刘湘面色凝重如千年玄铁,稳稳坐在主位之上,恰似一座沉稳巍峨的山峦,于动荡之中给人以安心之感。待麾下众将齐聚,他缓缓起身,身姿挺拔如松,目光仿若两把灼灼利剑,逐一扫过每一位将领的面庞。
那目光中,既有对当下险恶局势的深深忧虑,又饱含着对麾下袍泽的绝对信任与殷切期望。他微微启唇,声音低沉却掷地有声:“弟兄们,司令部已传下撤退之令,今日咱们得合计合计,究竟该从何处突围。大家但说无妨,各抒己见。”
参谋长率先打破沉默,他双眉紧蹙,恰似两道紧锁的铁闸,神情严肃得仿若即将直面生死之战。“既为突围,我等务必抱作一团,心齐力聚,方有生机。当下之急,便是即刻传令,将当初增援凤仪门的张营长所率加强营速速撤回中华门。此营战力颇强,回撤后可增强中华门防御,为我军主力突围争取更多时间与空间。”言罢,通讯班众人立刻领命,如疾风般朝着凤仪门方向奔去。
此言一出,众人顿时议论纷纷。“哎呀,如今这小鬼子跟那疯狗似的,到处围追堵截,这突围之路,硬是比登天还难哟!”王旅长满脸愁容,忍不住用浓重的四川方言抱怨道,他一边说着,一边焦急地来回踱步,眉头拧成了一个“川”字。
“就是噻,各处防线都困难重重,简直就是荆棘满途,啷个办嘛?”李团长也随声附和,他紧握着拳头,关节因用力而泛白,脸上写满了无奈与焦急。
各位将领遂各自诉说着自己防线所面临的棘手难题。杨师长眉头紧皱,指着地图,语气急促地说道:“军长,我部驻守雨花台,小鬼子的攻势太猛咯,火力那叫一个密集,还有重炮掩护,要是强行突围,怕是要折损不少弟兄哟!”说罢,他心疼地摇了摇头,眼中闪过一丝痛惜。
刘湘全神贯注地听着,时而微微点头,时而双眉紧锁,内心犹如翻江倒海。他深知,每一个决策都关乎着数万弟兄的生死存亡。
其他参谋们则依据将领们提供的防线情形,在巨大而详尽的作战地图上紧张地比划、划线推演。

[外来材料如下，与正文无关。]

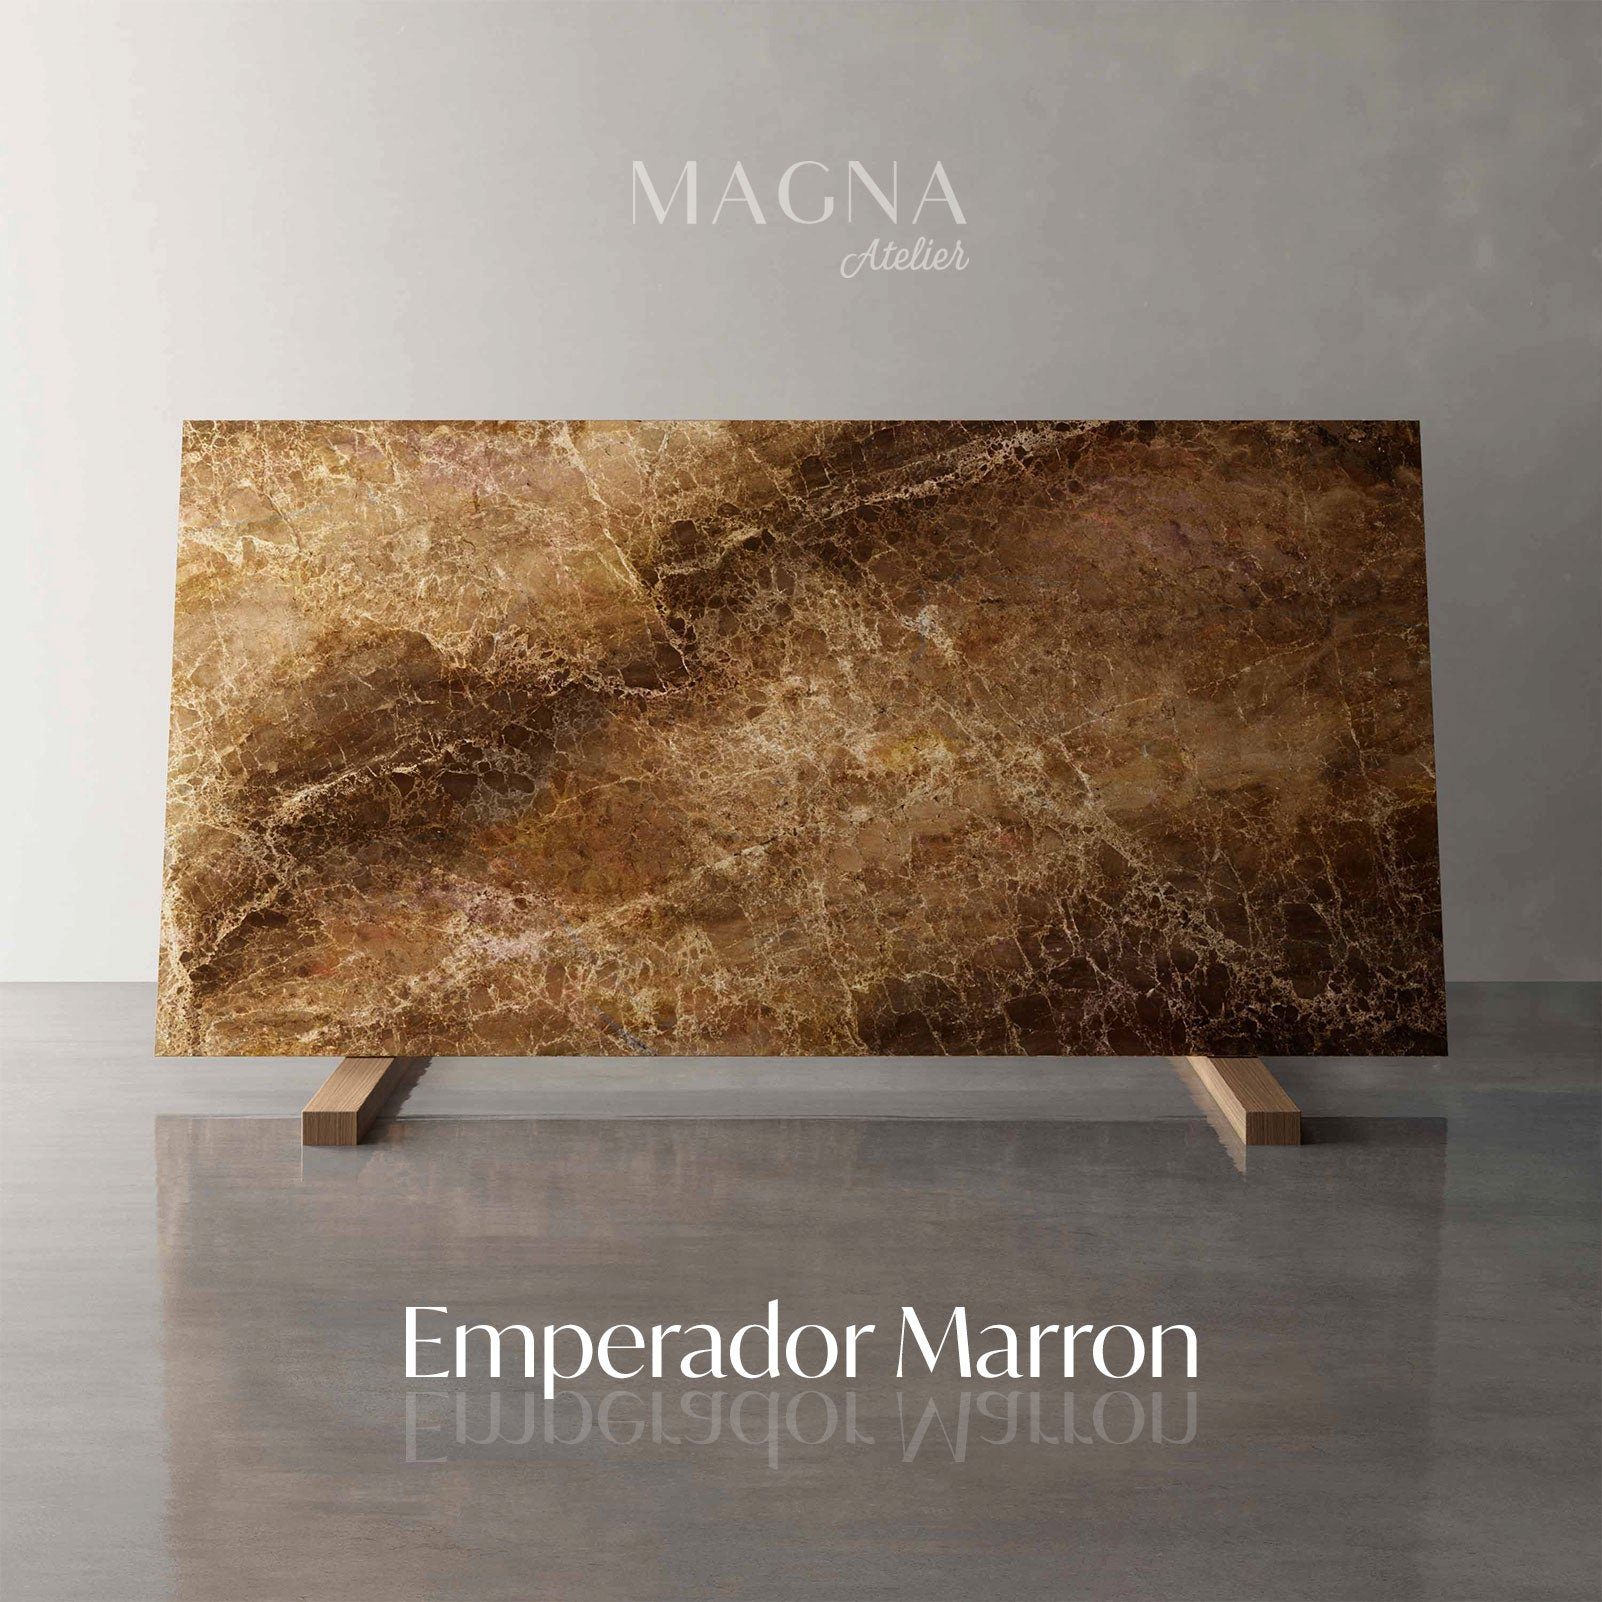 200x100cm mit 160x80cm Esstisch MAGNA Atelier Marron Emperador MARMOR, eckig, ECHTEM & Küchentisch Wohnzimmertisch, SPIDER
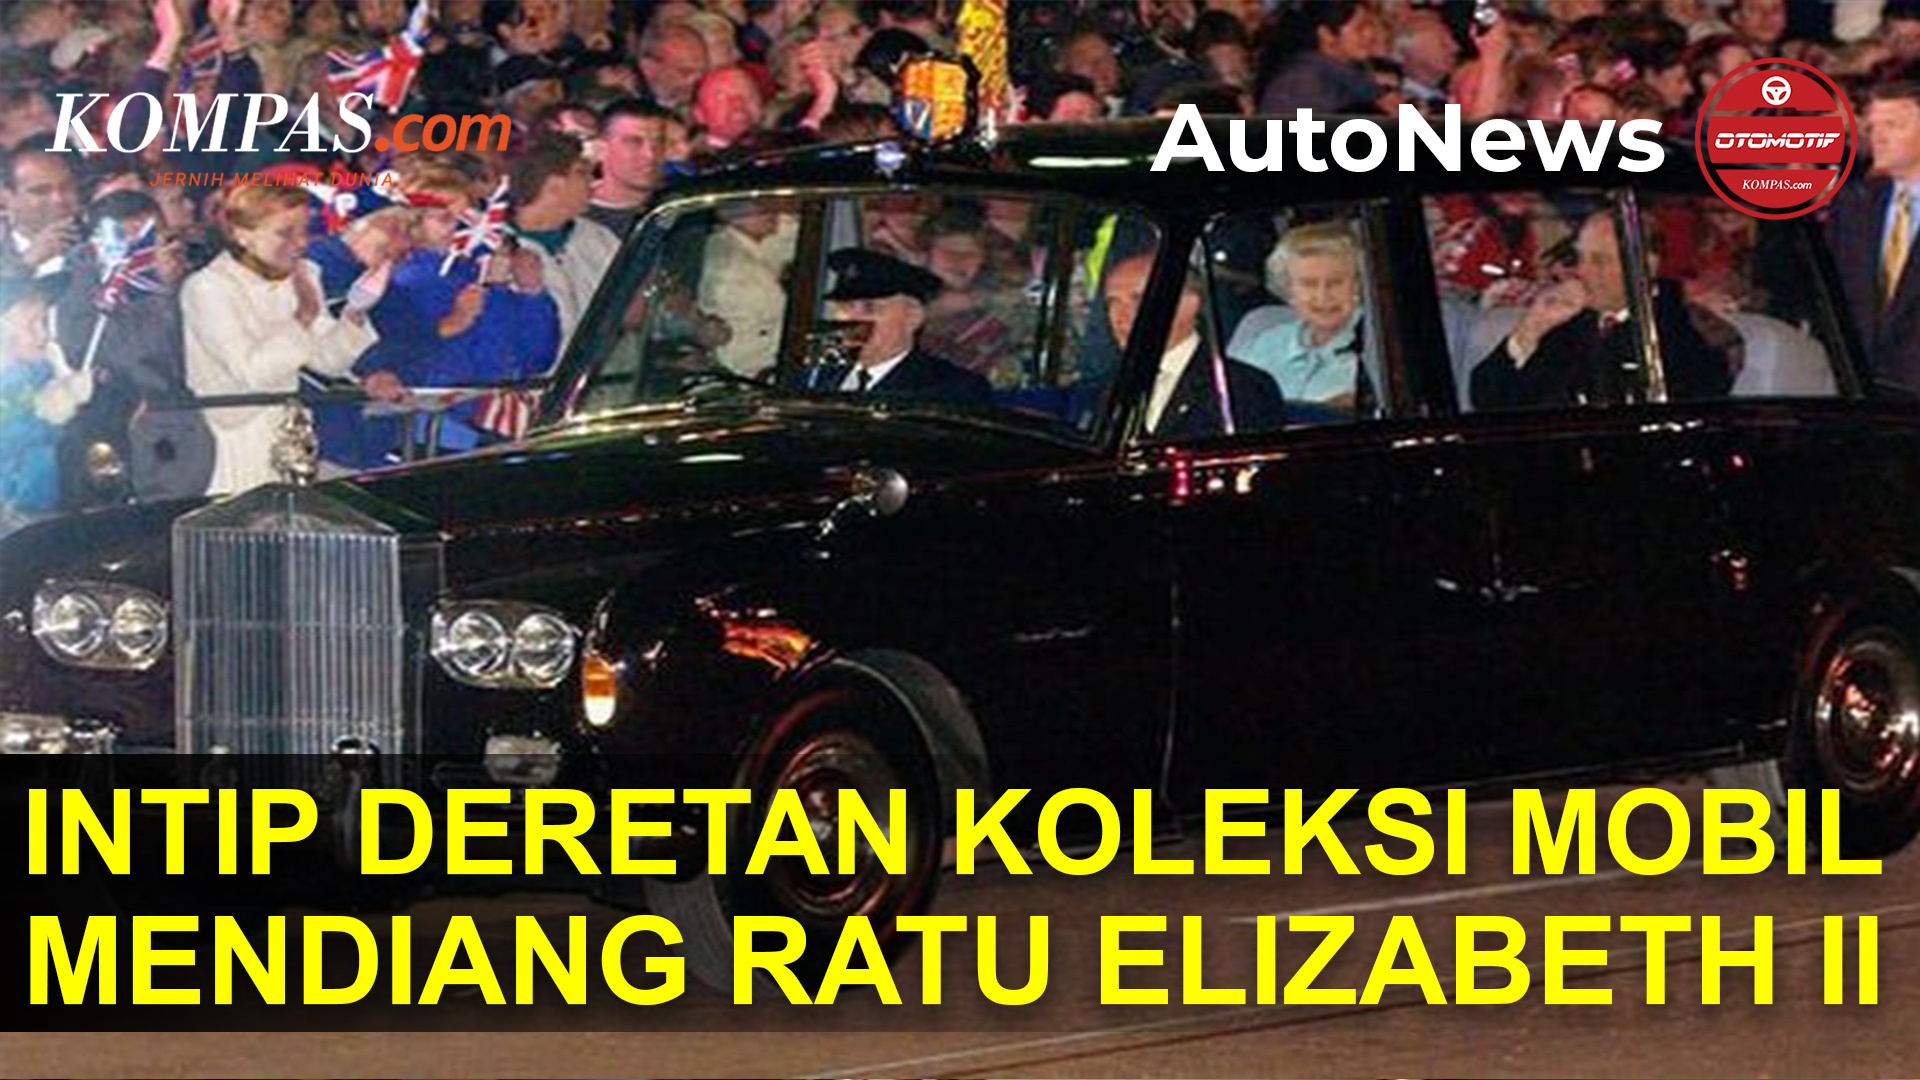 Sangat Nasionalis, Ini Dia Deretan Koleksi Mobil Ratu Elizabeth II

经过一番激烈且深入的商讨与缜密细致的推演,最终艰难定下决策:留下两万将士以师为单位,担任狙击重任,以血肉之躯为三万多主力部队争取撤退时间,主力部队沿紫金山、汤山一线且战且退。
有参谋指着地图,详细说道:“鬼子已牢牢控制龙潭、栖霞山一带,我军需避开此地。从紫金山突围,取道太平门,经仙鹤门向东,再转向汤山。但这些地方皆有鬼子重兵,一路都得拼杀。
突破紫金山防线时,先锋部队先吸引日军火力,主力趁其不备从侧翼迂回穿插。接近太平门,迅速解决城门处阻击的鬼子,打开通道。进入仙鹤门后,以小队为单位分散行动,迷惑日军,同时保持紧密联系,随时集结应对突发状况。
而后经汤山,过句容、溧水、高淳,最终抵达皖南,好在这一带有我军警戒部队,可保后续无虞。但日军定会穷追不舍,我军需时刻警惕,交替掩护前进。”
此决定一出,众人心中百感交集。每个人都明白,留下打狙击的两万弟兄,极有可能踏上九死一生的绝境。
刘湘看着众人,心中满是不舍与沉重,他深吸一口气,说道:“弟兄们,这决定虽艰难,但为了川军的未来,为了国家,咱们不得不如此。留下的弟兄,是为了给大部队争取生机,冲出去的弟兄,要带着他们的希望,继续与鬼子战斗!”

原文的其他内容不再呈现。